Но это происшествие, кажется, мало чему научило Аню. Когда стемнело, мы гуляли с нею в песках, и она уходила все дальше и дальше от лагеря, так что мне было не по себе, но я, конечно, не показывал виду. Она рассказывала, как пахнут растения в пустыне: тюльпан Андросова, например, пахнет сладковато, как и полагается лилейным, у касатика тонкий запах анисового яблока, а у цветущего астрагала — еле слышный, чрезвычайно приятный запах, немного похожий на запах сирени. «А домой-то мы вернемся?» — хотелось мне спросить. Вообще, продолжала она, растения в песках пахнут слабо. Большинство не слышит этих запахов.
Я сказал, что принадлежу к большинству. Я не слышал ничего, кроме запаха полыни. Но я и не мог ничего услышать, объяснила Аня, потому что эфемеры сгорели две недели назад. И еще я слышал необыкновенную тишину пустыни, такую густую, что в ней исчезали все звуки, все запахи, все мысли и воспоминания, она поглощала все это легко и бесследно и оставалась тишиной. И даже, возможно, это была не тишина, а такое странное ощущение, вроде того, что было у меня однажды, когда я надышался эфиром, — ощущение бесконечности и пустоты вокруг. Мне нравилась девушка, ее белые зубы, ее твердые, неробкие пальцы: мы поддерживали друг друга, карабкаясь в сумерках по барханам и стараясь идти по их гребням шаг в шаг, как ходят верблюды. И мне казалось, что у меня много времени впереди и я все успею. Но пустыня ошеломила меня. И я ничего не успел.

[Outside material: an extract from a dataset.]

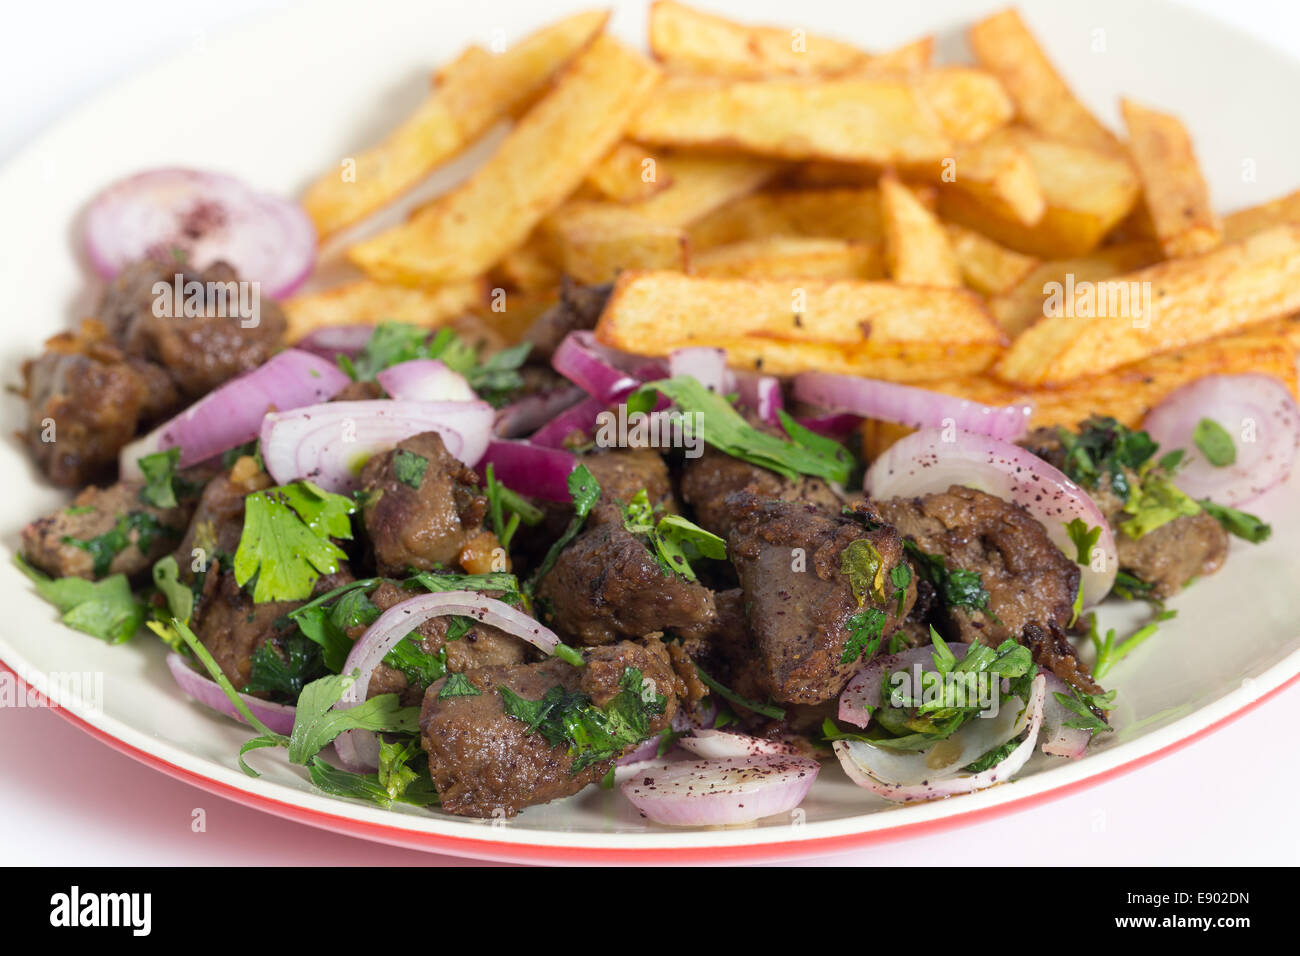 Albanische Leber, eine traditionelle türkische gewürzt Lamm Leber Rezept im gesamten Nahen Osten beliebt, mit Französisch frittierte chips Stockfoto

Утром я уехал к чабанам, на север, а возвращался не через Тоутлы, а по Западной дороге, через Ясхан и Казанджик. И Аню я больше не видел.
Потом я побывал на серном заводе. Это в сердце Каракумской пустыни, туда надо лететь самолетом. Я прожил там шесть дней. И там выяснилось, что все мои прежние представления были неправильными и то, что, мне казалось, я понял, я понял неправильно. Жизнь в пустыне была гораздо проще и вместе с тем удивительней, чем я думал. Человек может жить везде. Была бы работа. Странное дело: я умирал от жары, когда жил в гостинице, не мог шевельнуть пальцем, чувствовал себя мочалкой, которую мяли, терли, изо всех сил выжали и повесили на гвоздь… Но через несколько дней я бегал на солнцепеке по городу, потом уехал в пески, трясся в автомобилях на душных дорогах, по многу часов проводил на жаре, лазая по барханам, и — ничего, не умер.
Конечно, тут сыграла роль привычка. Я втянулся в жару.
И все же, когда три дня назад я вернулся с серного завода, — в дымке зноя, прожаренный, как шашлык, город показался мне землей обетованной. Здесь были деревья. Продавали газированную воду. В ресторане можно было взять холодную окрошку и пиво.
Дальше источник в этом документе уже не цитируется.